I know that universities in the US offer tons of online degree programs, but I haven't really been able to find anything like that here in Germany. I'm looking into doing an MA in English Literature/Linguistics. Does anyone know where I can look to find an all-English online MA program in Germany?

Any advice/help would be greatly appreciated! Thank you!


----------



## Glen10

mrs.senftleben said:


> I know that universities in the US offer tons of online degree programs, but I haven't really been able to find anything like that here in Germany. I'm looking into doing an MA in English Literature/Linguistics. Does anyone know where I can look to find an all-English online MA program in Germany?
> 
> Any advice/help would be greatly appreciated! Thank you!

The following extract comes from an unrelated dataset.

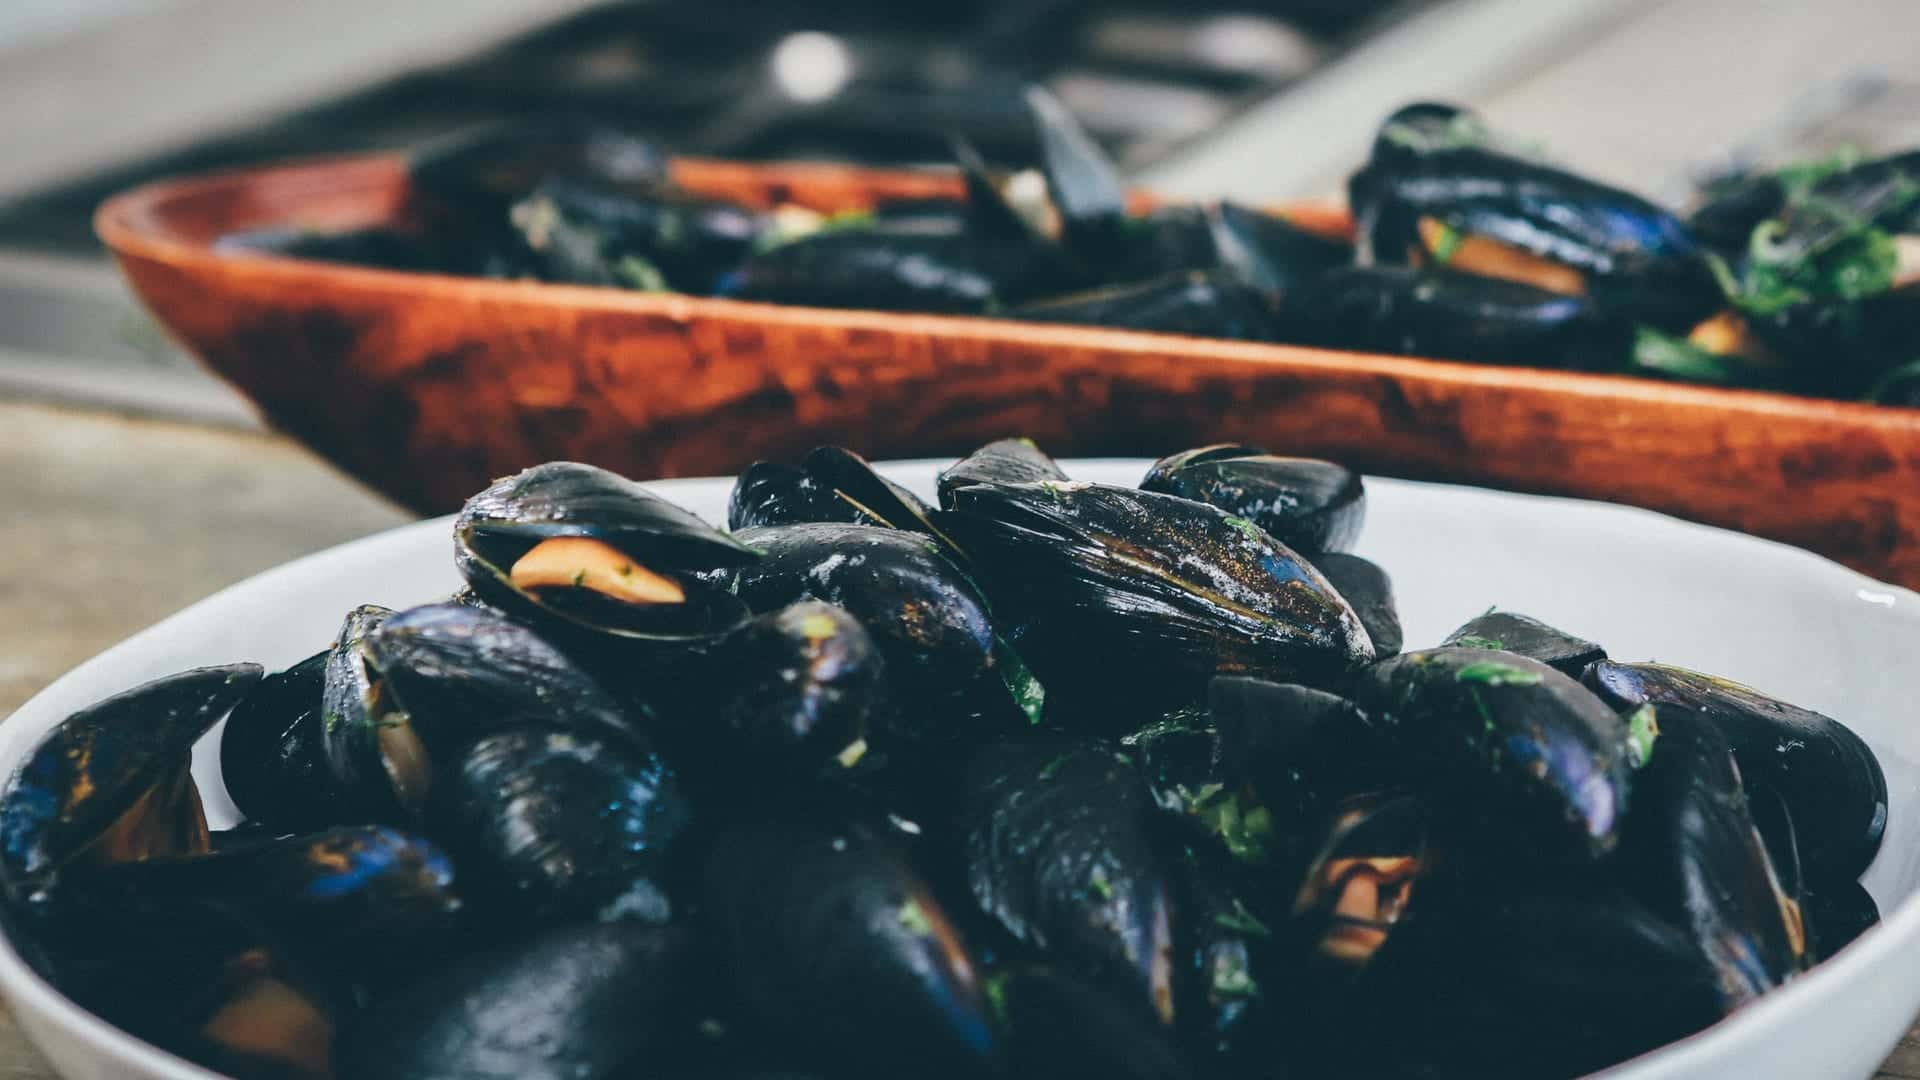 Mussels: The Sustainable Choice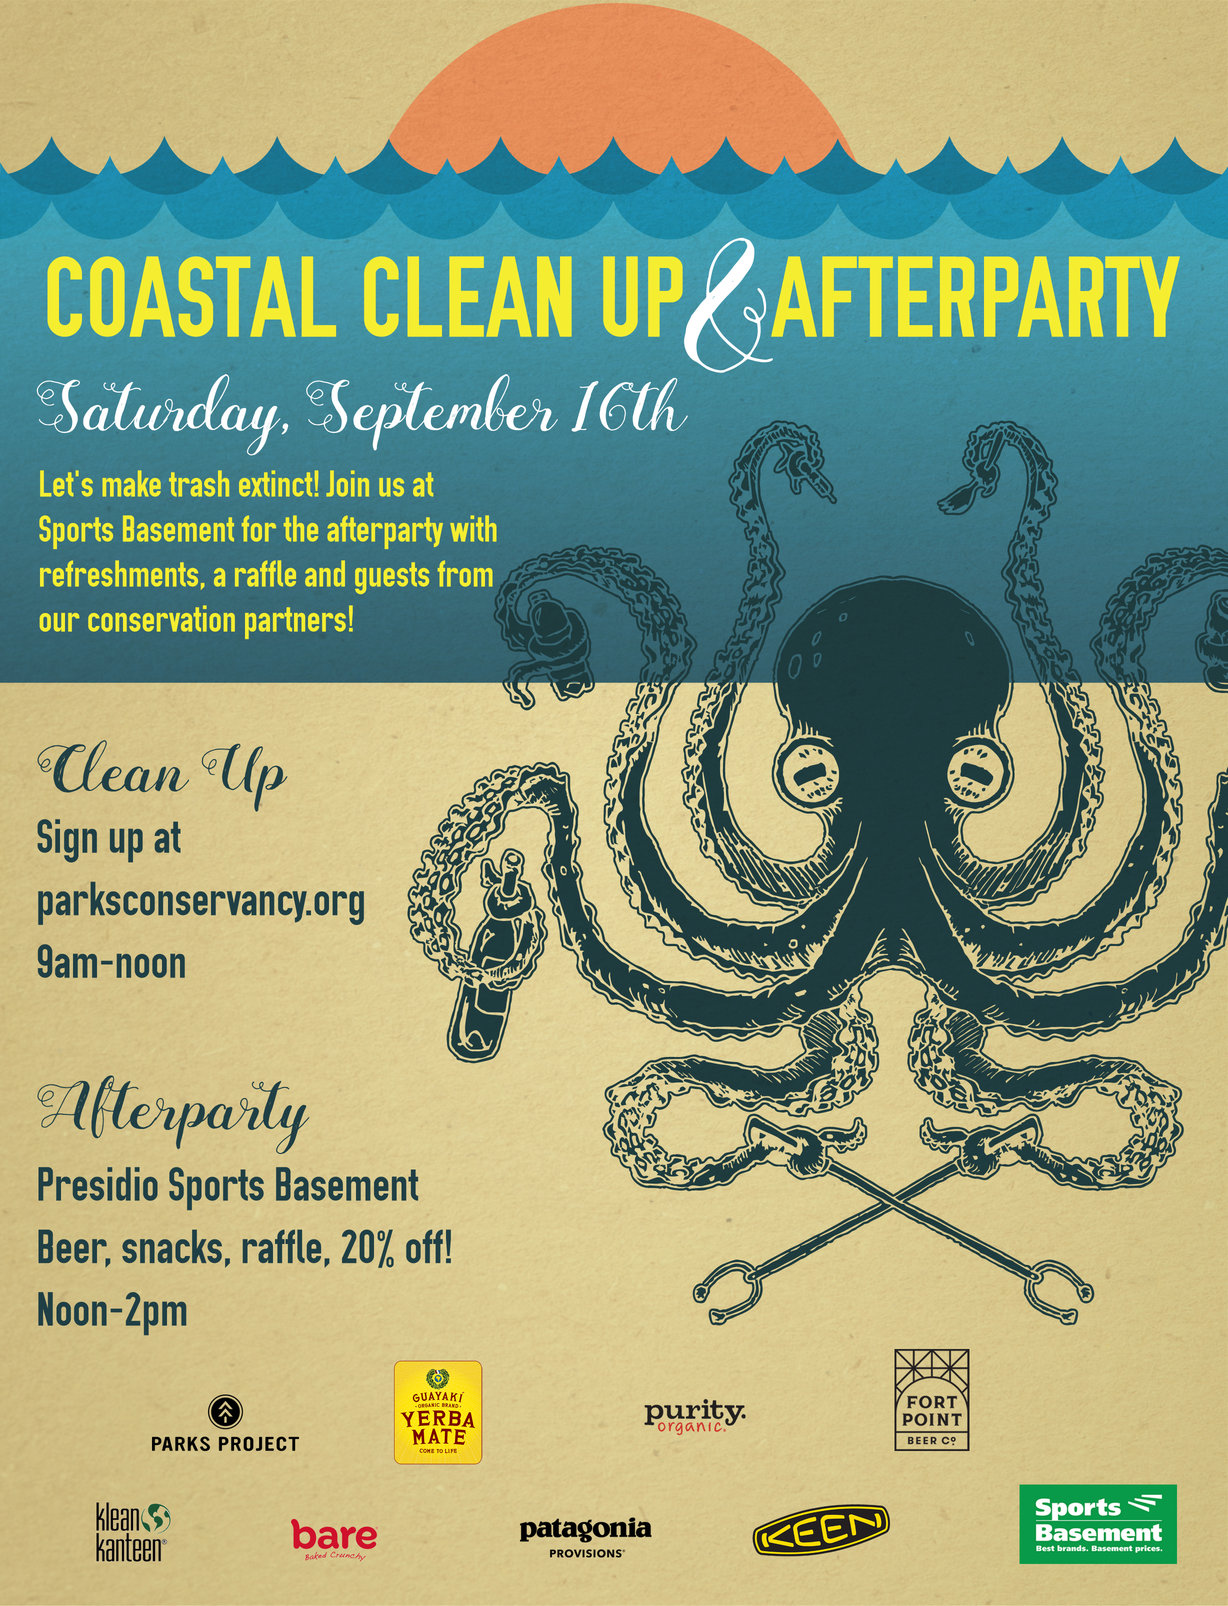 SB Team Coastal Clean Up Afterparty Tickets Sat Sep 16 2017

You have as much chance of finding that as an all-German online degree in the States. It makes no sense to me why you would look for a German university program when there are probably many offered by American universities online.


----------



## mrs.senftleben

Glen10 said:


> You have as much chance of finding that as an all-German online degree in the States. It makes no sense to me why you would look for a German university program when there are probably many offered by American universities online.


I know it's ridiculous and I did look at US online degrees, but a Masters is almost double the cost of a Bachelors and that's just not possible for me right now. It is, yes, a shot in the dark to try to find an online graduate degree in English in Germany. But if it existed, it would be a lot more affordable and I would be able to go to the university for a week of intensives, if that would be required.


----------



## Glen10

mrs.senftleben said:


> I know it's ridiculous and I did look at US online degrees, but a Masters is almost double the cost of a Bachelors and that's just not possible for me right now. It is, yes, a shot in the dark to try to find an online graduate degree in English in Germany. But if it existed, it would be a lot more affordable and I would be able to go to the university for a week of intensives, if that would be required.


I agree that it would be more affordable. It would almost have to be 
Sorry I can't give you any leads. I'm almost certain that if you have a little flexibility, take your time and look around, you'll find something that will suit your circumstance :fingerscrossed:


----------